- _Your goal_
Below are records to print word for word; include none of their pictures.

[Saved entries]
....

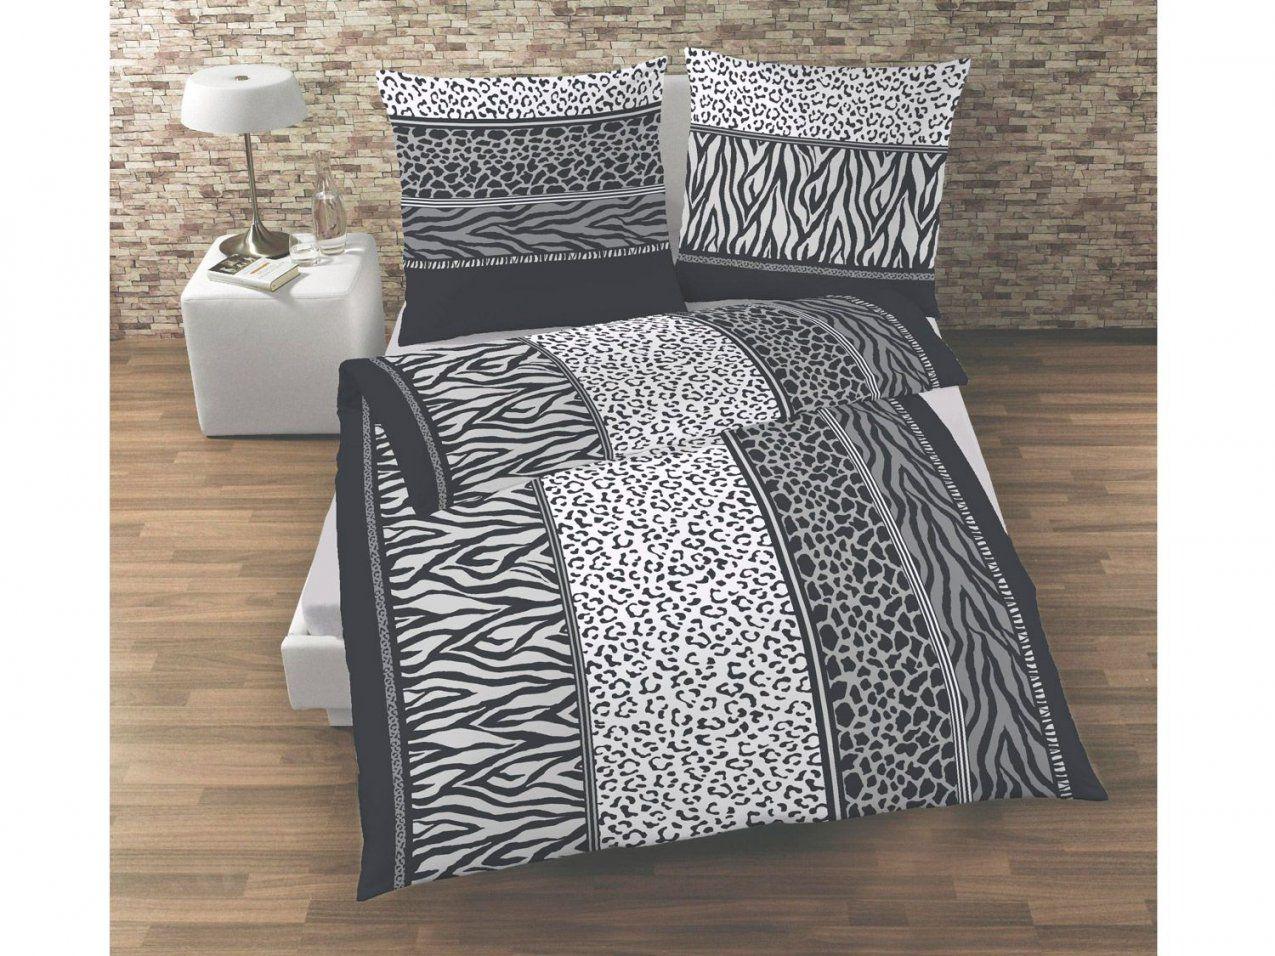 Dobnig Biberbettwäsche Zebradesign 135 X 200 Cm  Lidl von Feinbiber Bettwäsche Lidl Bild
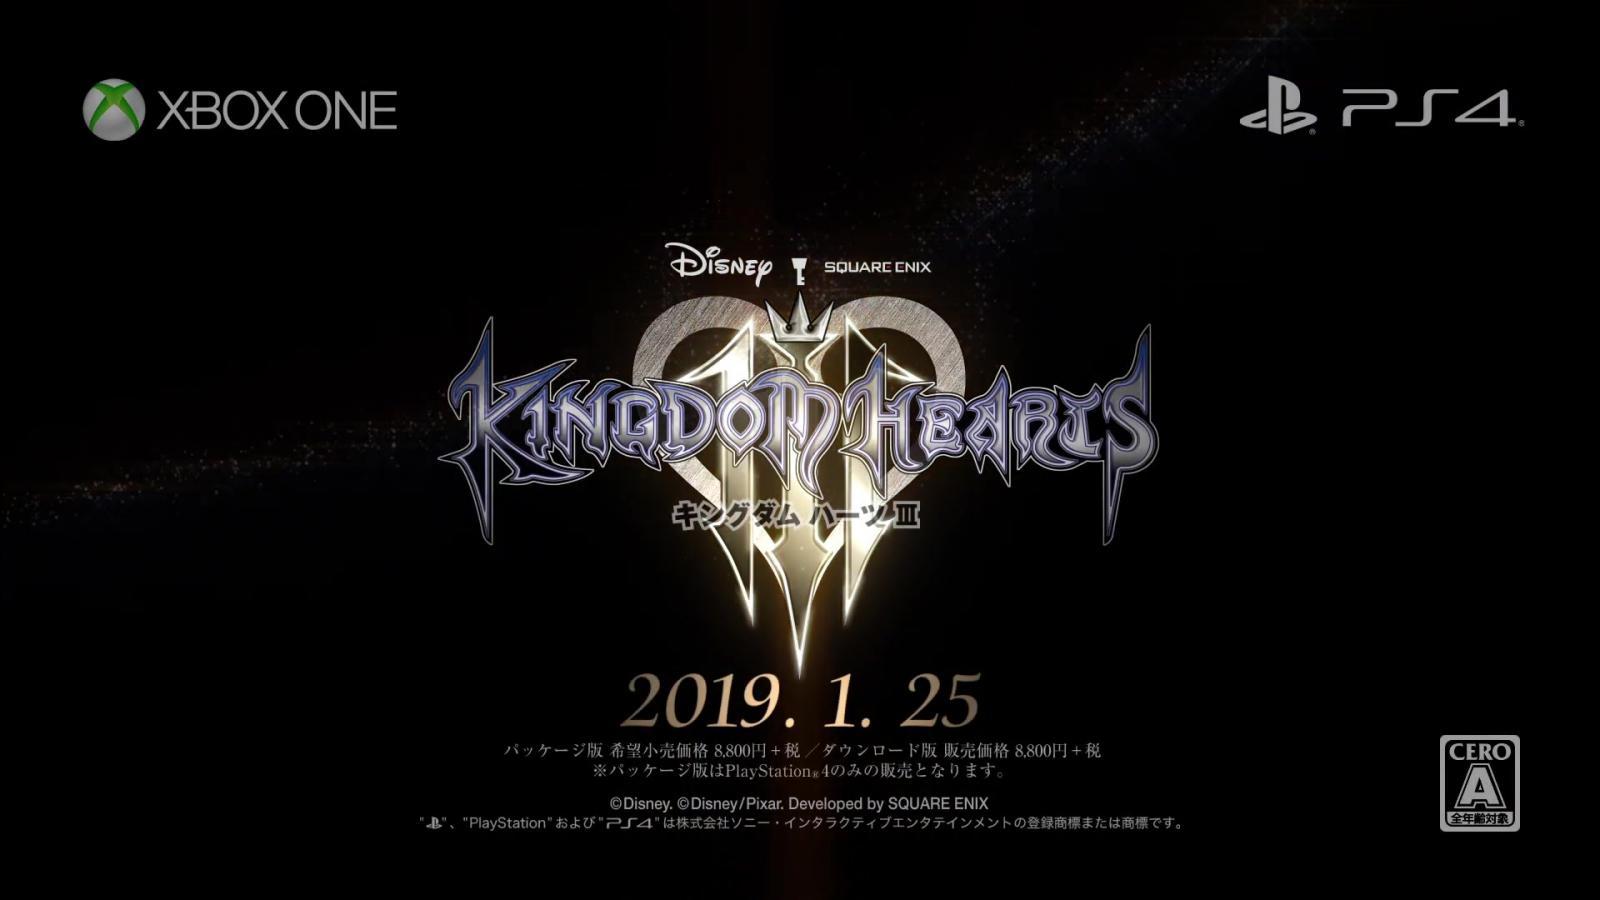 KINGDOM HEARTS III CM 30sec 261.jpg
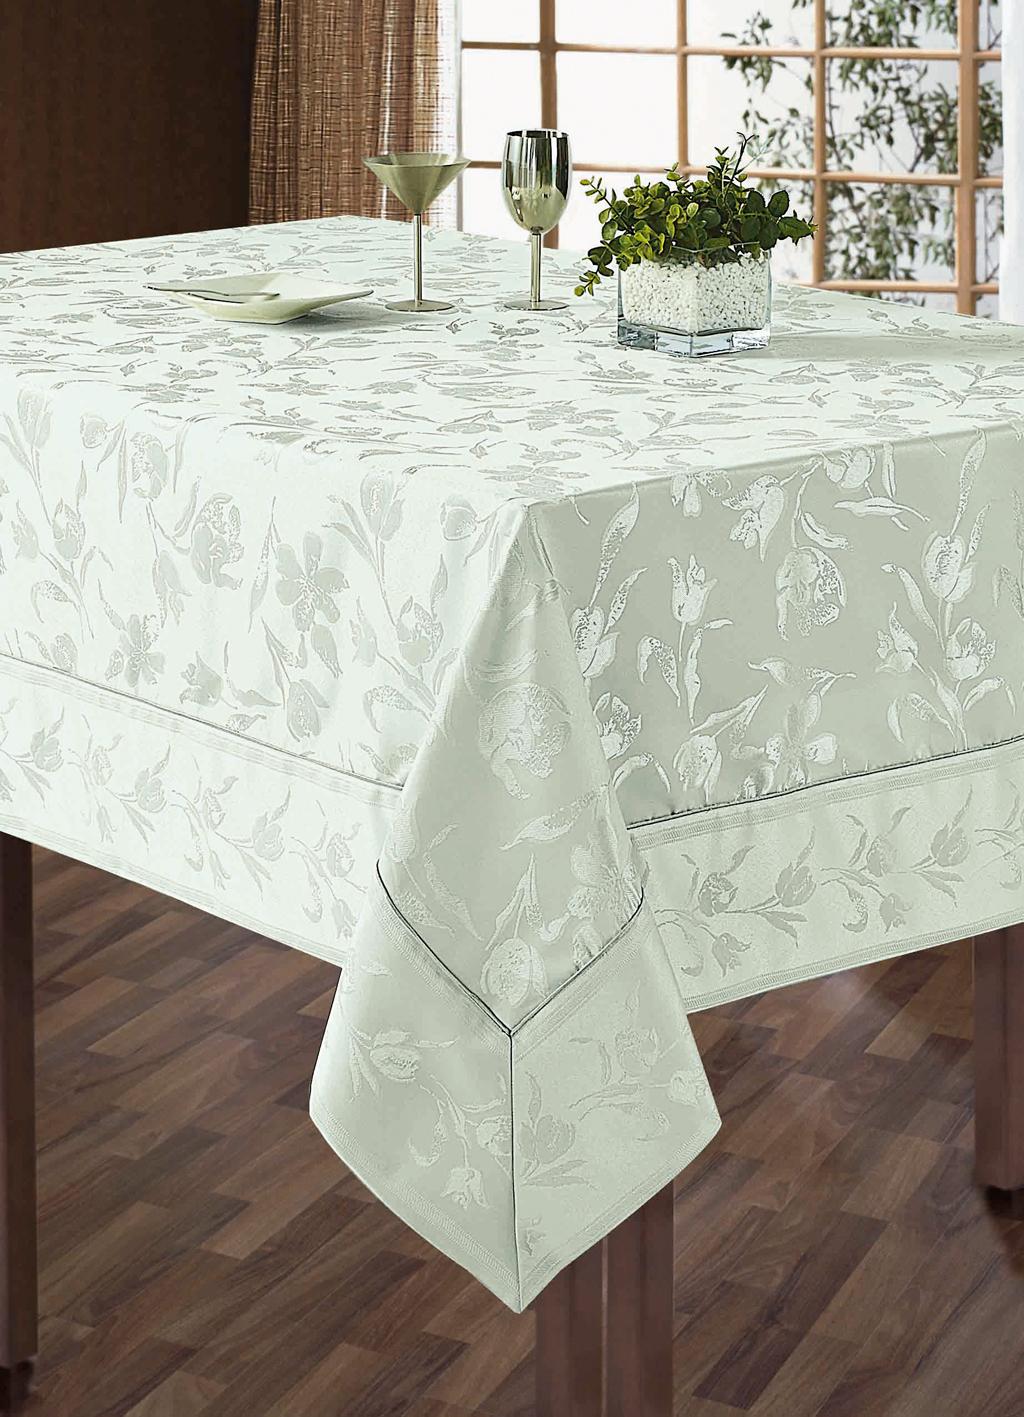 Комплект столового белья SL, цвет: белый, 7 предметов. 10109VT-1520(SR)Роскошный комплект столового белья SL состоит из скатерти прямоугольной формы и 6 квадратных салфеток. Комплект выполнен из жаккарда с изящным цветочным рисунком. Комплект, несомненно, придаст интерьеру уют и внесет что-то новое. Использование такого комплекта сделает застолье более торжественным, поднимет настроение гостей и приятно удивит их вашим изысканным вкусом. Вы можете использовать этот комплект для повседневной трапезы, превратив каждый прием пищи в волшебный праздник и веселье.Жаккард - это гладкая, безворсовая ткань сложного плетения, в состав которой входят как синтетические, так и органические волокна. У белья из жаккардовой ткани гладкая и приятная на ощупь фактура. Его контурный рисунок, созданный благодаря особому плетению, выглядит дорого и изящно. Здесь воссоединились блеск шелка и уютная мягкость хлопка. Жаккардовые ткани очень прочны и долговечны, очень удобны в эксплуатации. Скатерть - 1 шт. Размер: 180 см х 210 см. Салфетки - 6 шт. Размер: 40 см х 40 см.Комплект упакован в красивую подарочную коробку.
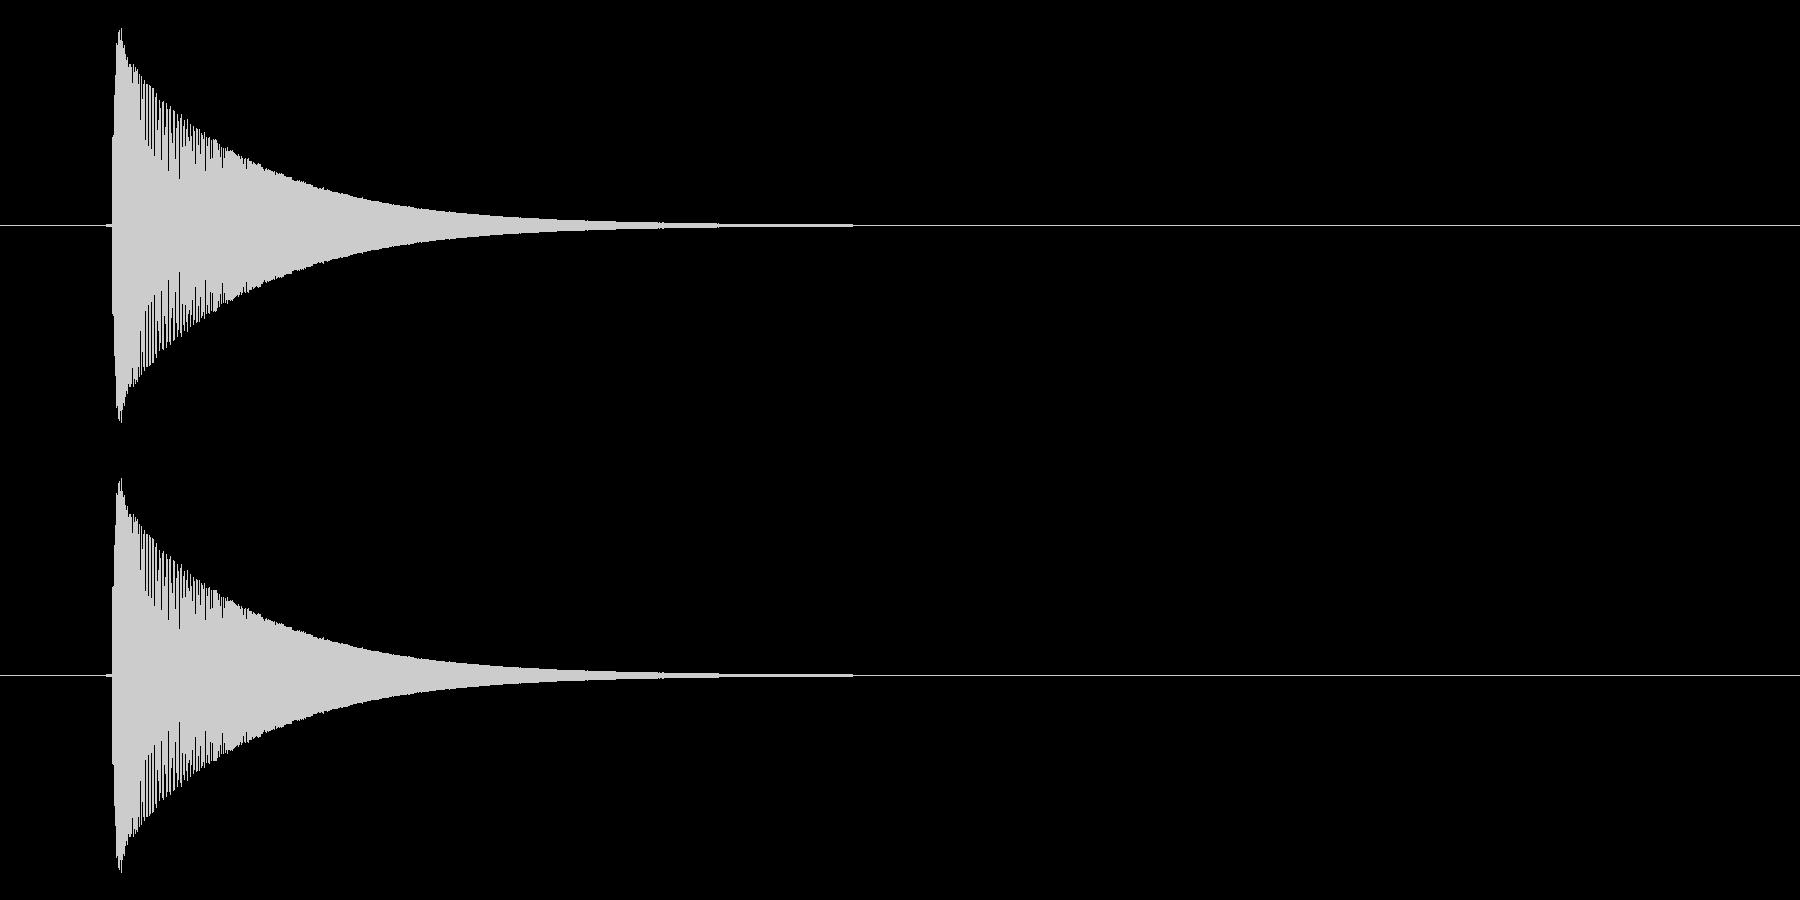 カーソル移動音_軽めの決定音の未再生の波形
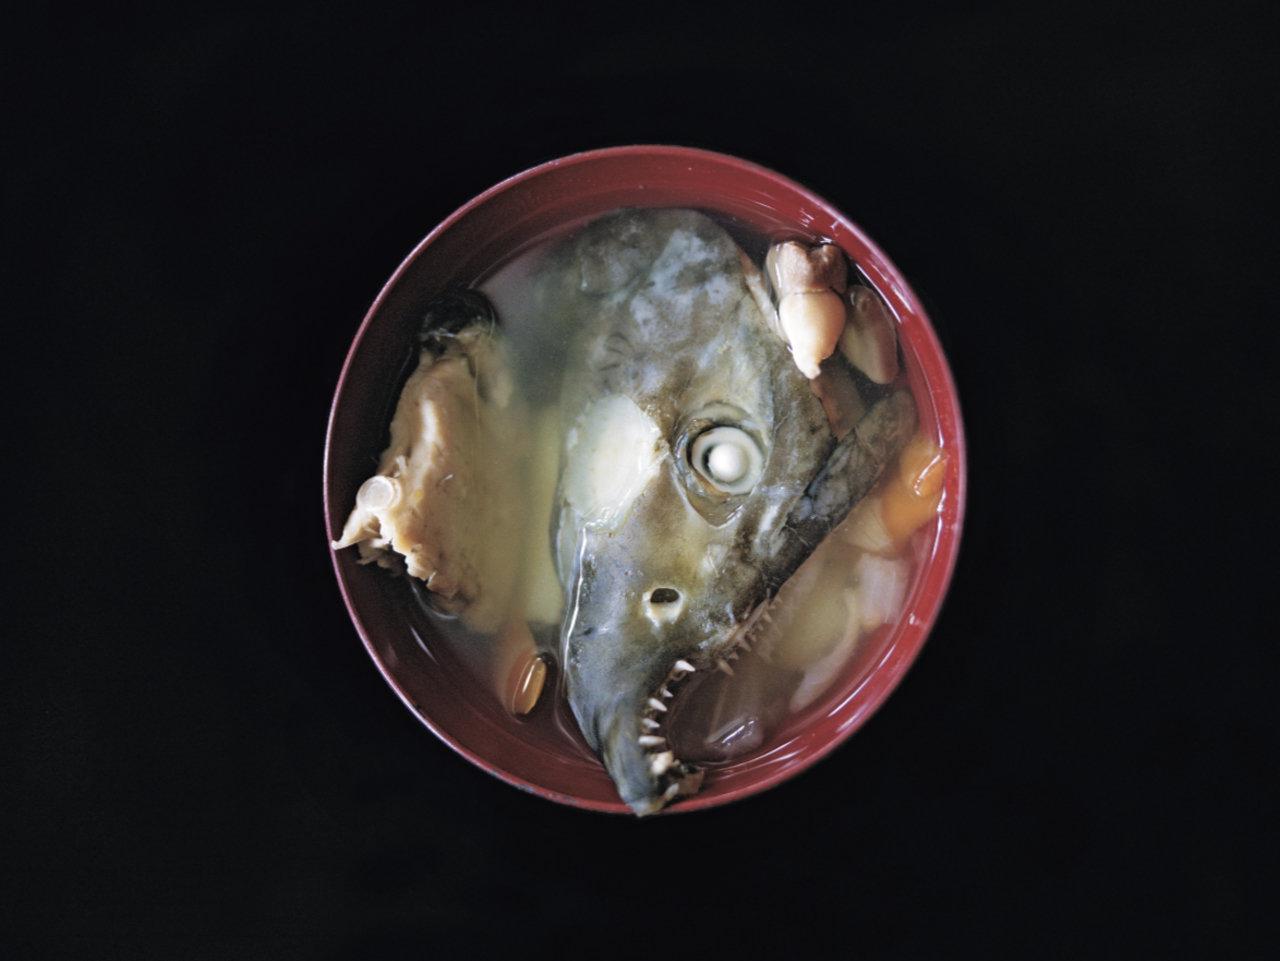 大仕事を終えた鮭の顔。はっちゃれのオハウ
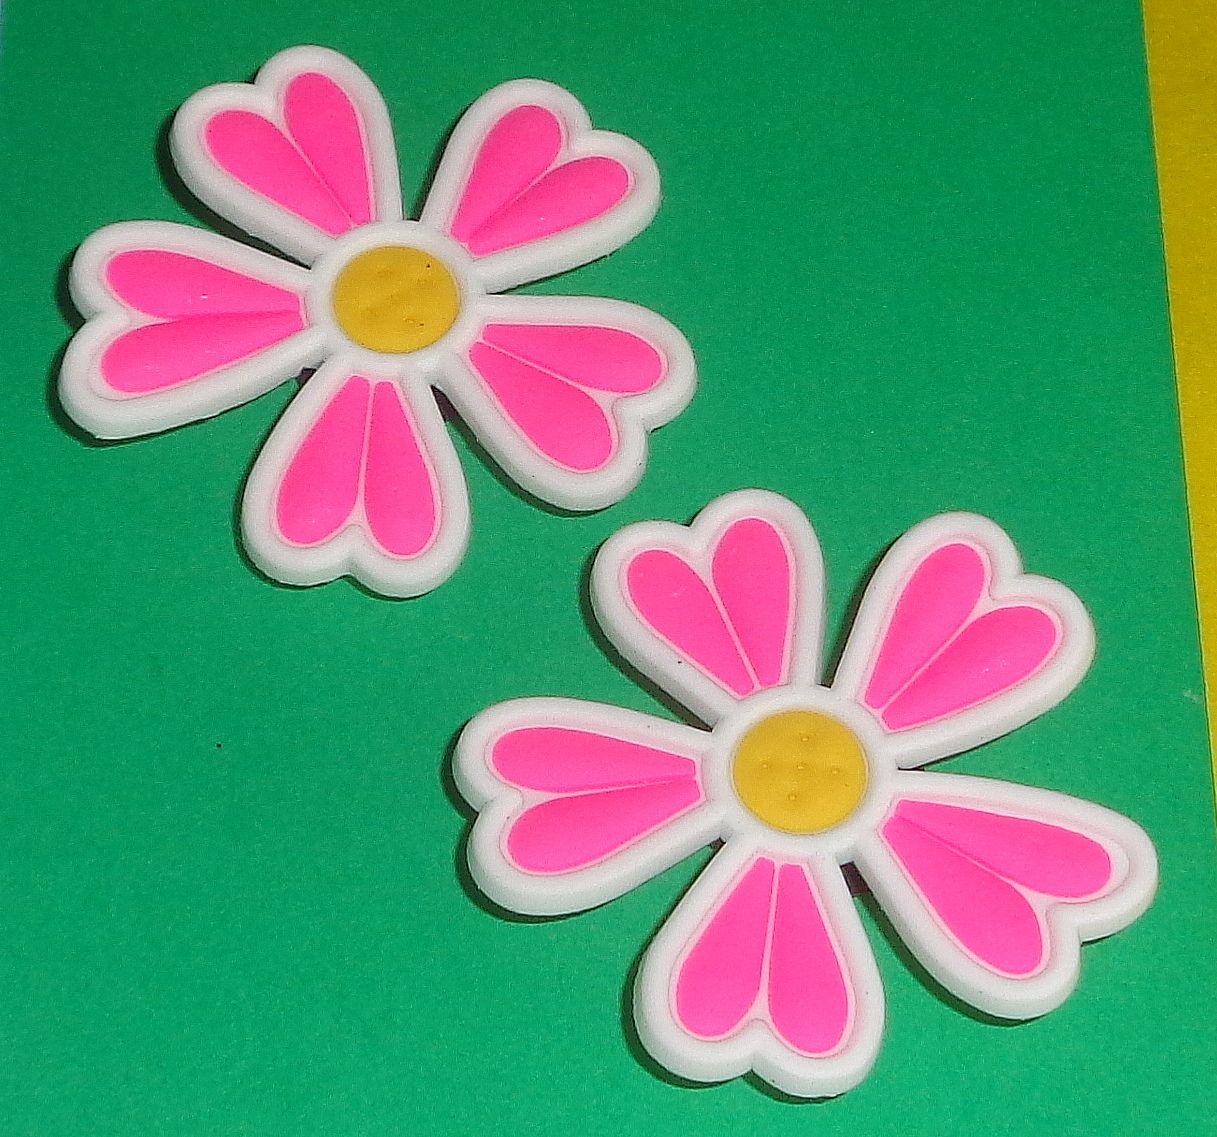 338053cd4c136 Details about Just Flowers Shoe Charms Shoe Buttons Shoe Pins Crocs ...

....

- _Result_
 Dobnig Biberbettwäsche Zebradesign 135 X 200 Cm  Lidl von Feinbiber Bettwäsche Lidl Bild
 KINGDOM HEARTS III CM 30sec 261.jpg
 Комплект столового белья SL, цвет: белый, 7 предметов. 10109VT-1520(SR)Роскошный комплект столового белья SL состоит из скатерти прямоугольной формы и 6 квадратных салфеток. Комплект выполнен из жаккарда с изящным цветочным рисунком. Комплект, несомненно, придаст интерьеру уют и внесет что-то новое. Использование такого комплекта сделает застолье более торжественным, поднимет настроение гостей и приятно удивит их вашим изысканным вкусом. Вы можете использовать этот комплект для повседневной трапезы, превратив каждый прием пищи в волшебный праздник и веселье.Жаккард - это гладкая, безворсовая ткань сложного плетения, в состав которой входят как синтетические, так и органические волокна. У белья из жаккардовой ткани гладкая и приятная на ощупь фактура. Его контурный рисунок, созданный благодаря особому плетению, выглядит дорого и изящно. Здесь воссоединились блеск шелка и уютная мягкость хлопка. Жаккардовые ткани очень прочны и долговечны, очень удобны в эксплуатации. Скатерть - 1 шт. Размер: 180 см х 210 см. Салфетки - 6 шт. Размер: 40 см х 40 см.Комплект упакован в красивую подарочную коробку.
 カーソル移動音_軽めの決定音の未再生の波形
 大仕事を終えた鮭の顔。はっちゃれのオハウ
 338053cd4c136 Details about Just Flowers Shoe Charms Shoe Buttons Shoe Pins Crocs ...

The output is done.